SENSITIVITY ANALYSIS

A way of testing assumptions made in statistical analyses by doing several analyses based on different assumptions, and comparing the results.

SERIAL DATA

Repeated measurements taken over time. Such data requires longitudinal analysis, often referred to as time series analysis.

SIGNIFICANCE LEVEL AND p VALUE

The significance level is the probability of making a Type I error. It is a characteristic of a statistical procedure.
The p value is a random variable that depends both upon the sample and the statistical procedure that is used to analyze the sample.

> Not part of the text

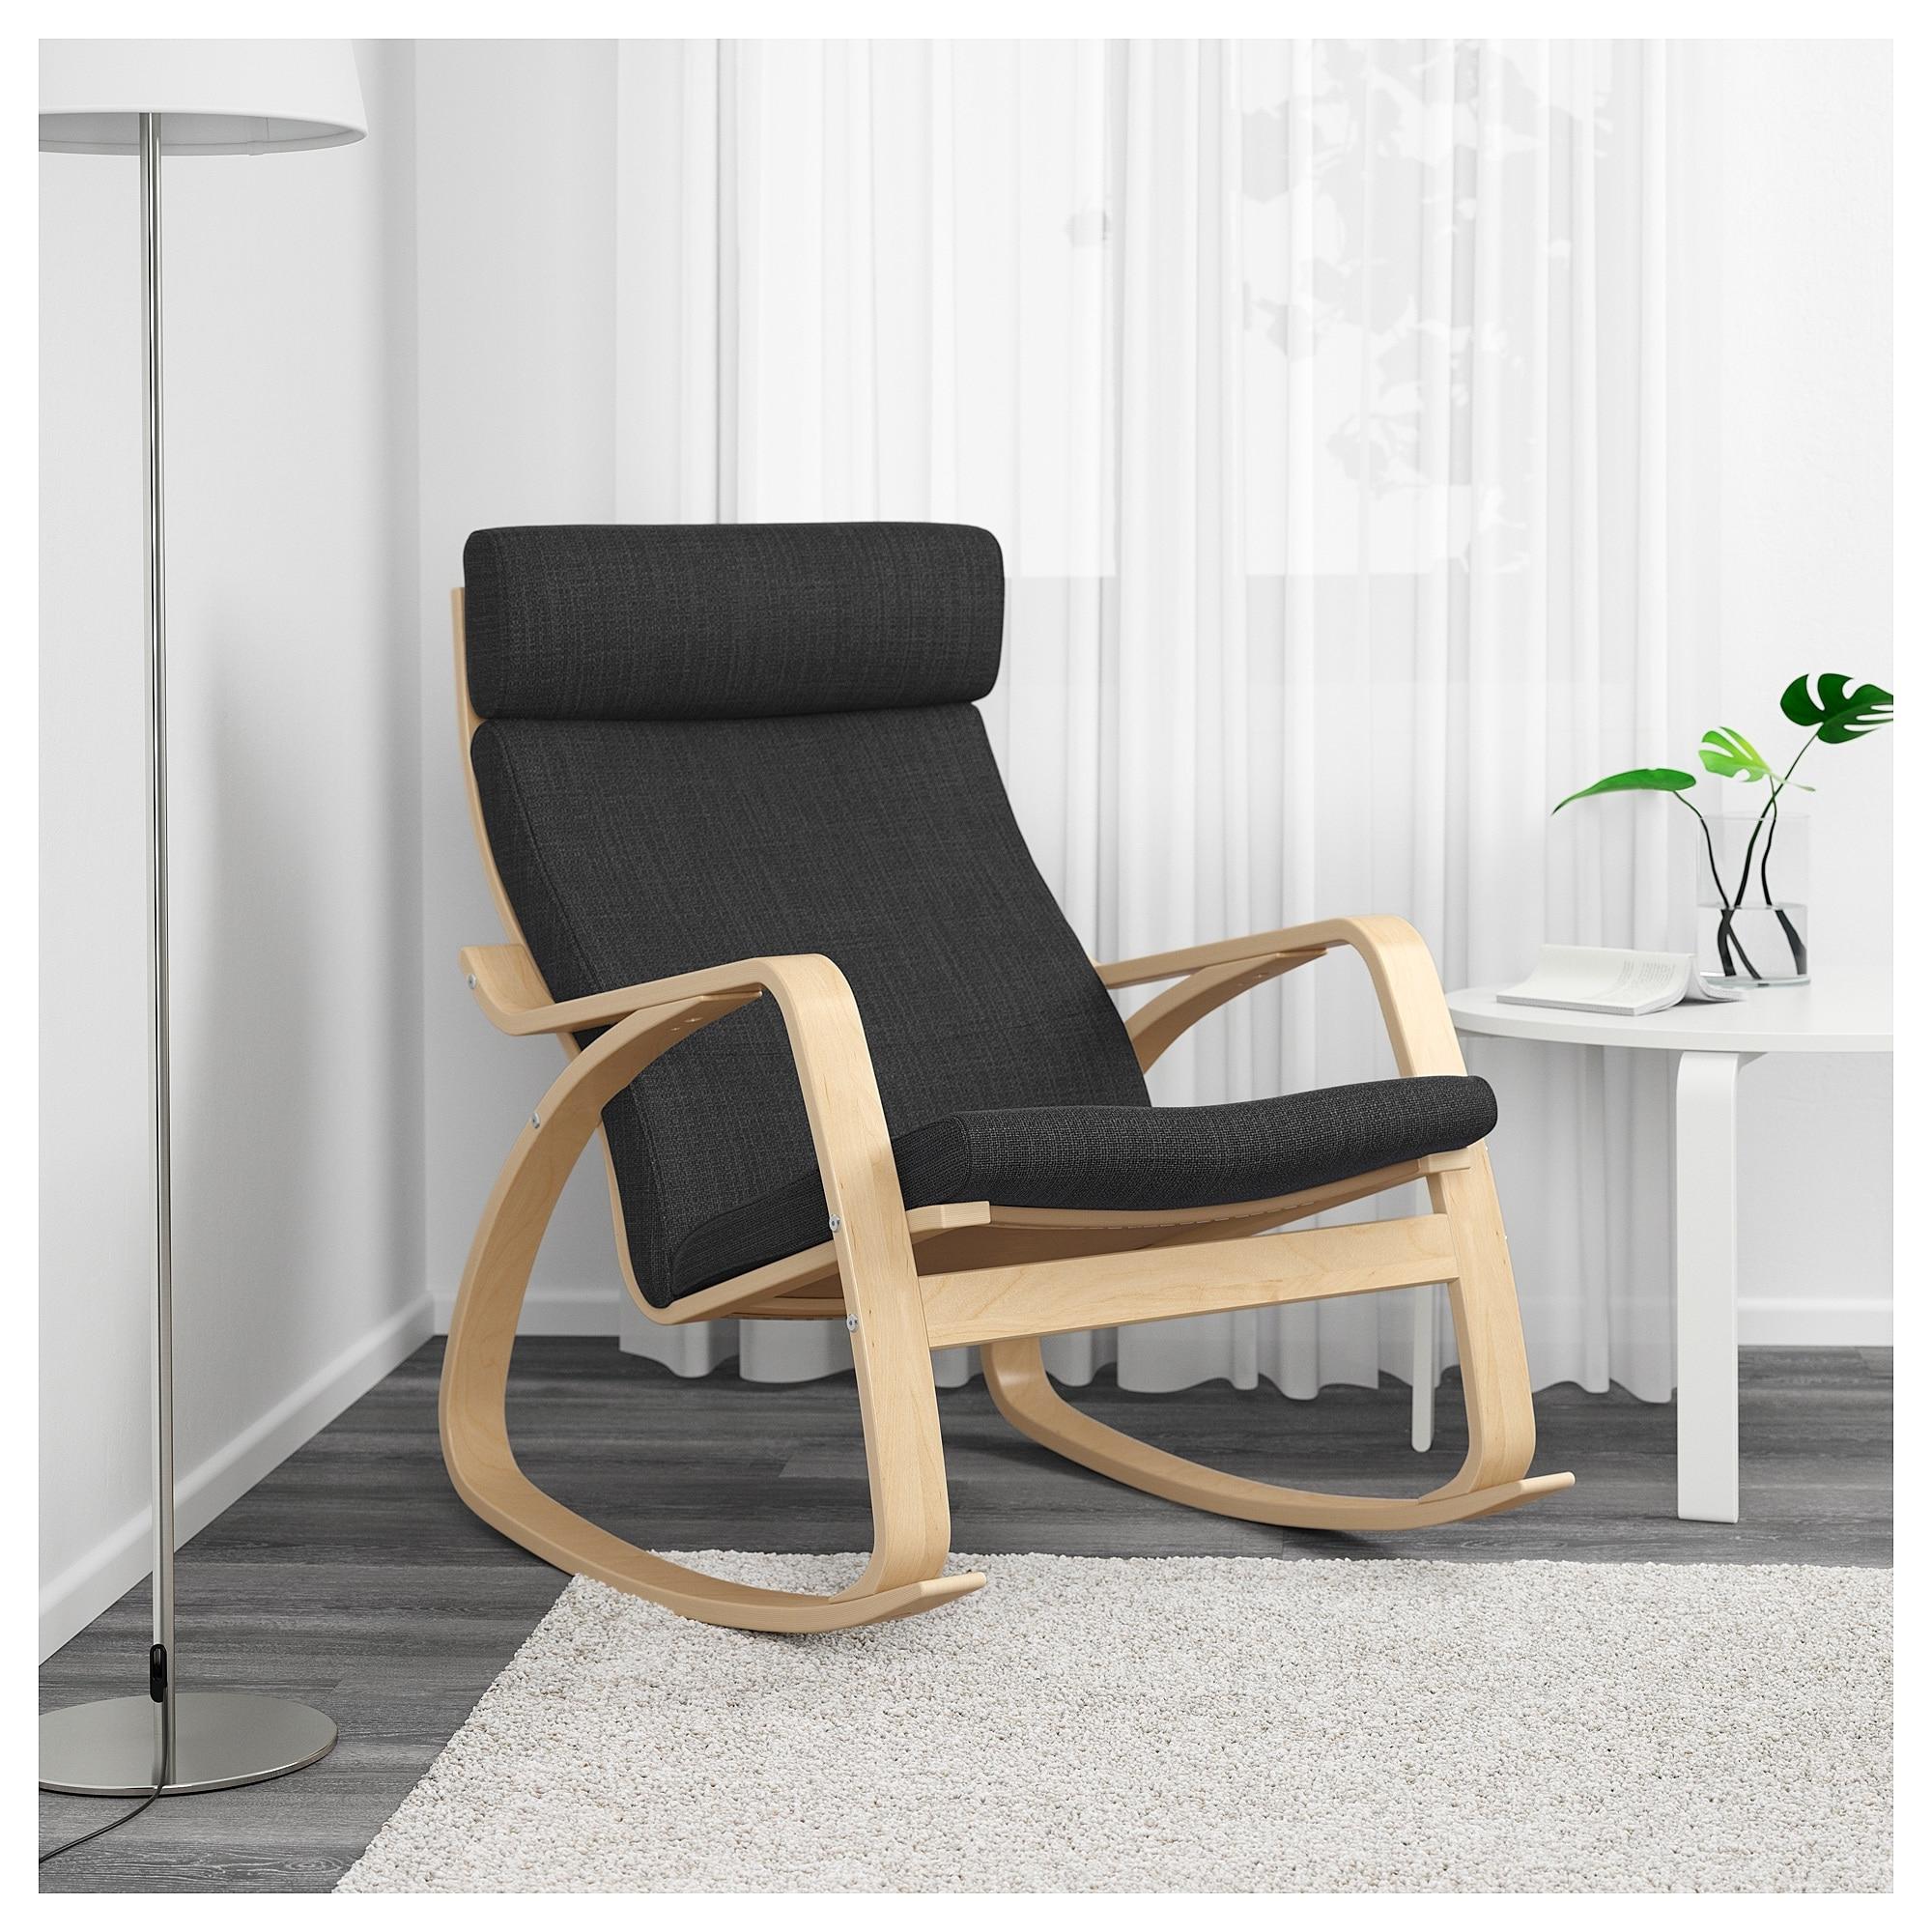 Rocking Chairs At Ikea Regarding 2019 Poäng Rocking Chair Birch Veneer/hillared Anthracite – Ikea (View 7 of 20)

If one repeatedly applies a statistical procedure at a specific significance level to distinct samples taken from the same population when the hypothesis is true and all assumptions are satisfied, then the p value will be less than or equal to the significance level with the frequency given by the significance level.

SELECTION BIAS

Bias due to the way a sample is selected. For example, advertising a study with potentially large financial rewards might attract participants who are disproportionally poorer than the overall population.

SKEWED DATA

Data that do not follow a symmetrical distribution. This can violate the assumptions of (parametric) statistical tests.

STANDARD DEVIATION (SD)

A measure of dispersion used for continuous data. It is equal to the square root of the variance.

STANDARD ERROR (SE)

A measure of precision. It is the standard deviation of the sampling distribution of the sample mean.

STEM AND LEAF PLOT.

A graph which uses the data values themselves to depict the shape of a frequency distribution.

SYSTEMATIC ERROR

Error due to some cause other than chance. Systematic error can make observed values consistently higher or lower than true values and thus introduce bias. The opposite of random error.

SYSTEMATIC REVIEW

A literature review which aims to identify and qualify all (published) research answering a given question.

TYPE I AND TYPE II ERROR

A Type I error is the probability of rejecting the hypothesis when it is true. A Type II error is the probability of accepting the hypothesis when an alternative hypothesis is true. Thus, a Type II error depends on the alternative.

TYPE II ERROR AND POWER

The power of a test for a given alternative hypothesis is the probability of rejecting the original hypothesis when the alternative is true. A Type II error is made when the original hypothesis is accepted even though the alternative is true. Thus, power is one minus the probability of making a Type II error. (also see BETA)

UNIQUE IDENTIFIER

A code or variable used to identify all the records belonging to a single unit of analysis (for instance, a student ID to identify all the courses a single student is enrolled in). Often, a unique identifier is needed to link various datasets together.

VALIDITY

How closely a measurement actually measures what it is intended to measure.

VARIABLE

A quantity that is measured or observed and which varies (or can vary) from case to case. The opposite is a constant.

VARIANCE

A measure of the variability of a range of numbers, calculated as the mean squared difference from the mean. The square root of the variance is the standard deviation.

VOLUNTEER BIAS

A type of selection bias resulting from collecting data from a sample of volunteers rather than the general population. Volunteers could differ in all sorts of characteristics from the overall population.

WILCOXON SIGNED RANK TEST

Also known as Mann Whitney U test or Mann-Whitney Wilcox test. A statistical test comparing ordinal data from two independent groups. A non-parametric alternative to the independent samples t-test

References.

The above is compiled based on the following sources:

Boslaugh, S. (2012). Statistics in a nutshell: a desktop quick reference. 2nd edition. Cambridge, UK: O’Reilly.

Crawley, M. J. (2013). The R book: Second edition. New York, NY: John Wiley & Sons.

Good, P. I., & Hardin, J. W. (2012). Common errors in statistics (and how to avoid them). Hoboken, NJ: John Wiley & Sons.

Peacock, J.L. & Peacock, P.J. (2011). Oxford Handbook of Medical Statistics. Oxford, UK: Oxford University Press.